De tales extremos, que son los que obran en los autos, no puede deducirse con el suficiente rigor que precisa una sentencia de condena que la sociedad administrada por el demandado se encontrase en una situación de grave crisis que permita considerar ilícita la actuación del demandado al adquirir los suministros correspondientes que corresponden a la actividad que constituía su objeto social. La situación existente en febrero-abril de 2006, según la prueba practicada, por más que pudiera haber dificultades, no denota, insistimos, en función de lo probado que la adquisición de los suministros por el demandado lo fuese a sabiendas de que tendría muchas dificultades para pagarlos. Hubiese sido posible aportar las cuentas de ese ejercicio para haber podido constatar si concurría o no una situación de desbalance importante, pero tal prueba no se ha producido. En consecuencia, no cabe tampoco estimar el motivo, lo que comporta el rechazo del recurso en su integridad.

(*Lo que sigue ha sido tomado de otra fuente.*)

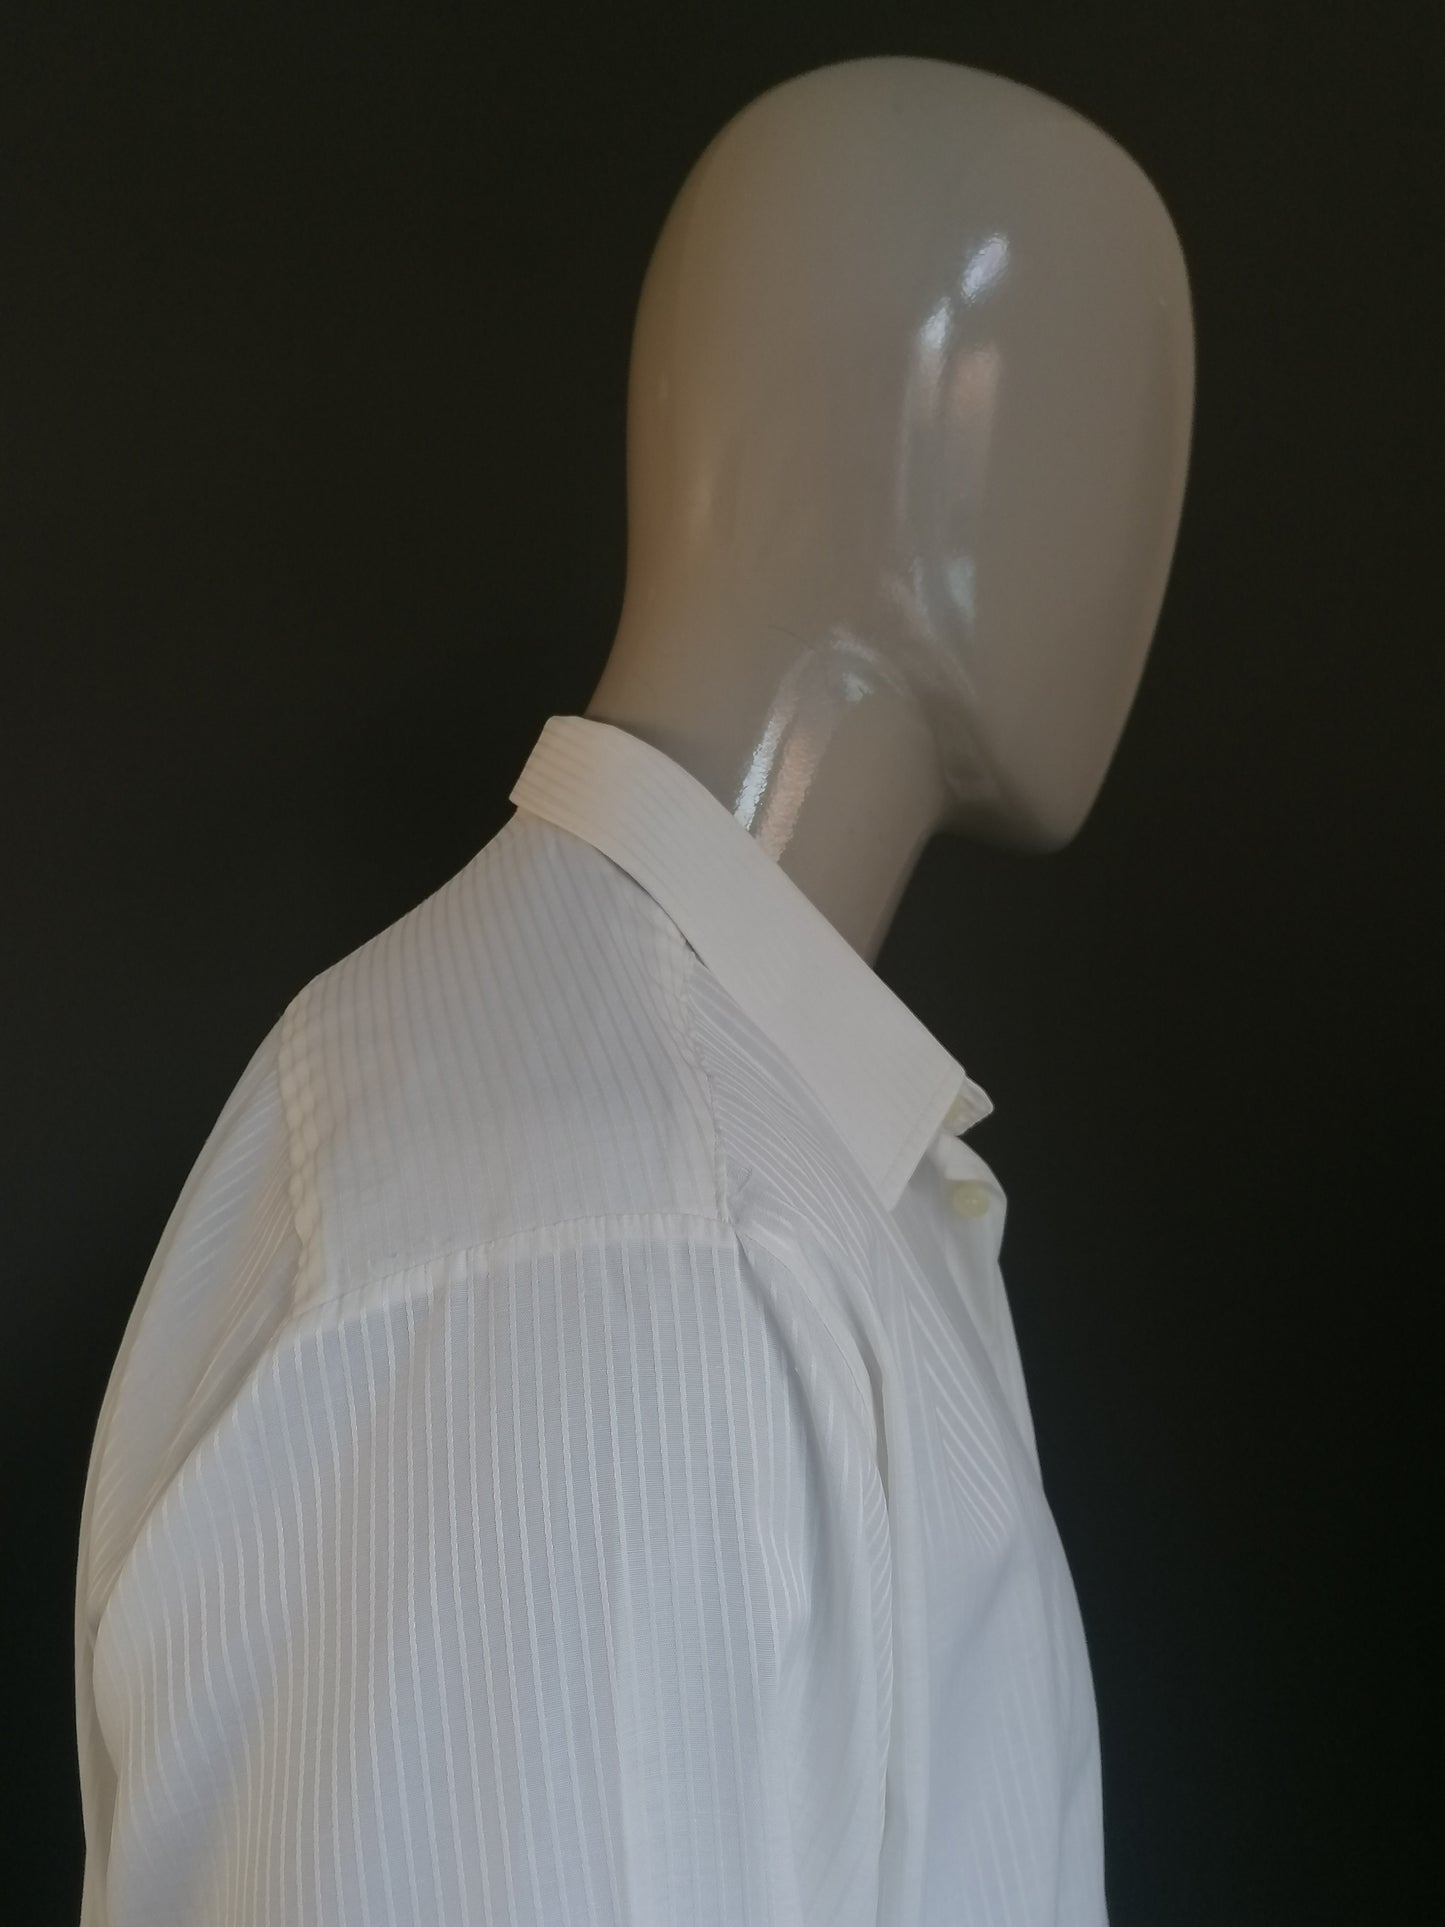 Shirt vintage Mister. Motivo a strisce lucenti beige. Taglia XL.

OCTAVO.-Procede imponer a la apelante las costas de la alzada, dado que el recurso se desestima, art. 398.1LEC y, asimismo y por igual causa, decretar la pérdida del depósito al que se dará el destino legalmente previsto.

VISTOS los preceptos legales citados y demás de general y pertinente aplicación,

Fallo

Que desestimando el recurso de apelación, interpuesto por la entidad OCHOA LACAR HERMANOS S.L, representada por el Procurador Sr. Ayala Leoz, y defendido por el Letrado Sr. Bacaicoa Hualde, contra la sentencia dictada el 11 de junio de 2012 por la Ilma. Magistrado- Juez del Juzgado de lo Mercantil nº 1 de Pamplona en el Juicio Ordinario nº 843/2010, debemos confirmar y confirmamosla Sentencia apelada, con imposición de las costas de esta alzada a la parte apelante, decretándose, asimismo, la pérdida del depósito constituido para recurrir al que se dará el destino legalmente previsto.

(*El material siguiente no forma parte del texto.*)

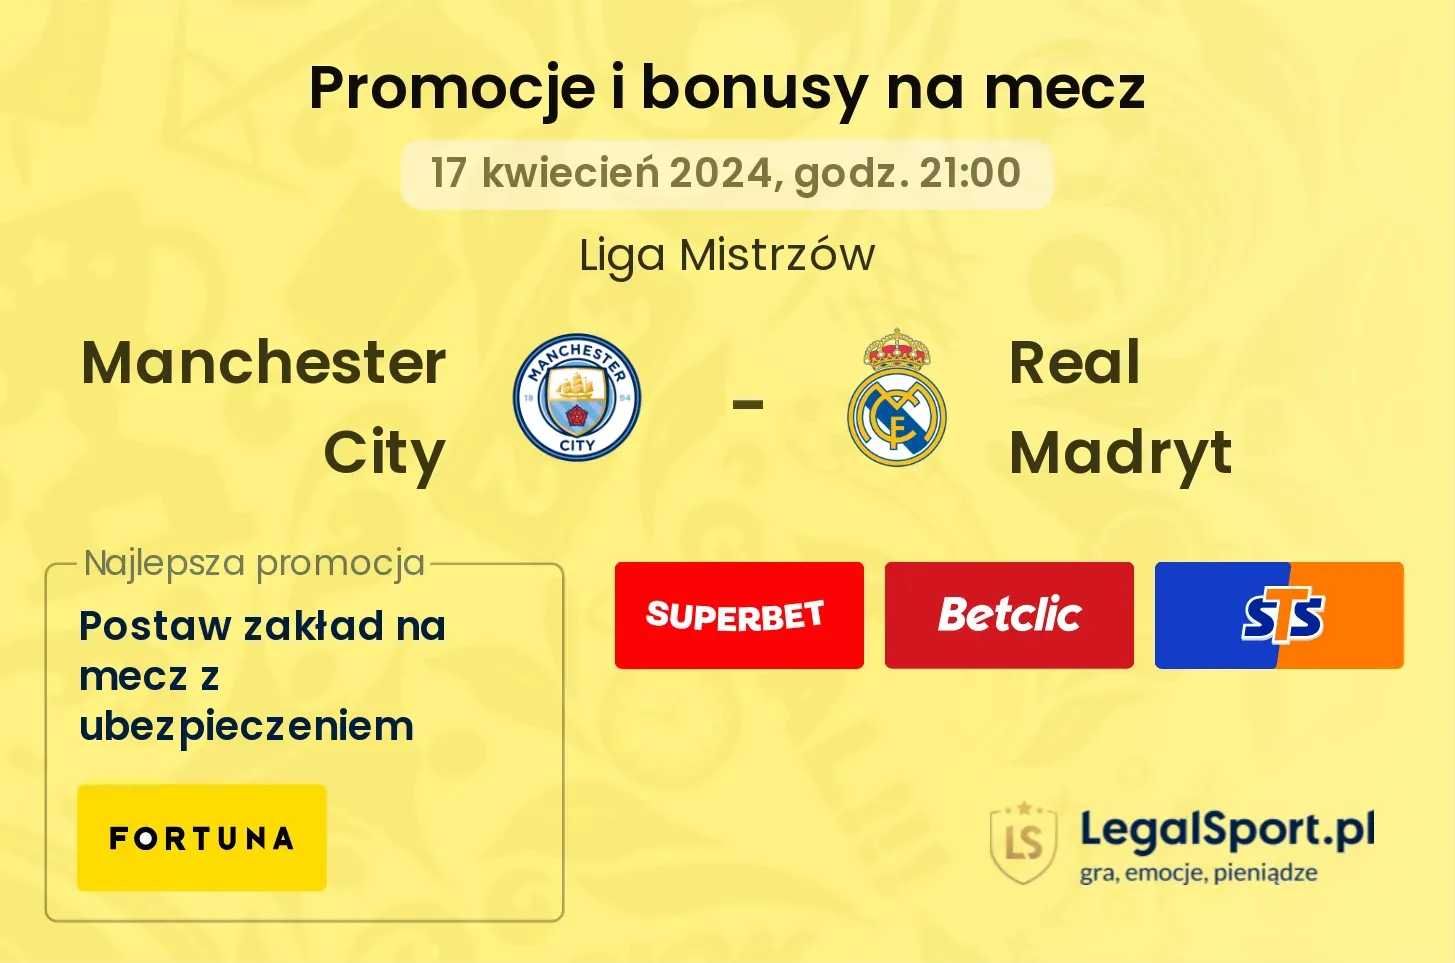 Manchester City - Real Madryt promocje i bonusy (17.04, 21:00)

Así por esta nuestra Sentencia, lo pronunciamos, mandamos y firmamos.

La presente resolución, de concurrir los requisitos establecidos en los artículos 477 y 469, en relación con la disposición final 16ª de la vigente Ley de Enjuiciamiento Civil , es susceptible de recurso de casación y de recurso extraordinario por infracción procesal ante la Sala Primera del Tribunal Supremoo, en su caso, de recurso de casación ante la Sala de lo Civil y Penal del Tribunal Superior de Justicia de Navarra, debiendo presentar ante esta Sección el escrito de interposición en el plazo de los VEINTE DÍASsiguientes al de su notificación.

Debiendo acreditarse en el momento de la interposición del recurso haber consignado el depósito exigido para recurrir en la cuenta de depósitos y consignaciones de este órgano abierta en Banesto, con apercibimiento de que de no verificarlo no se admitirá a trámite el recurso pretendido.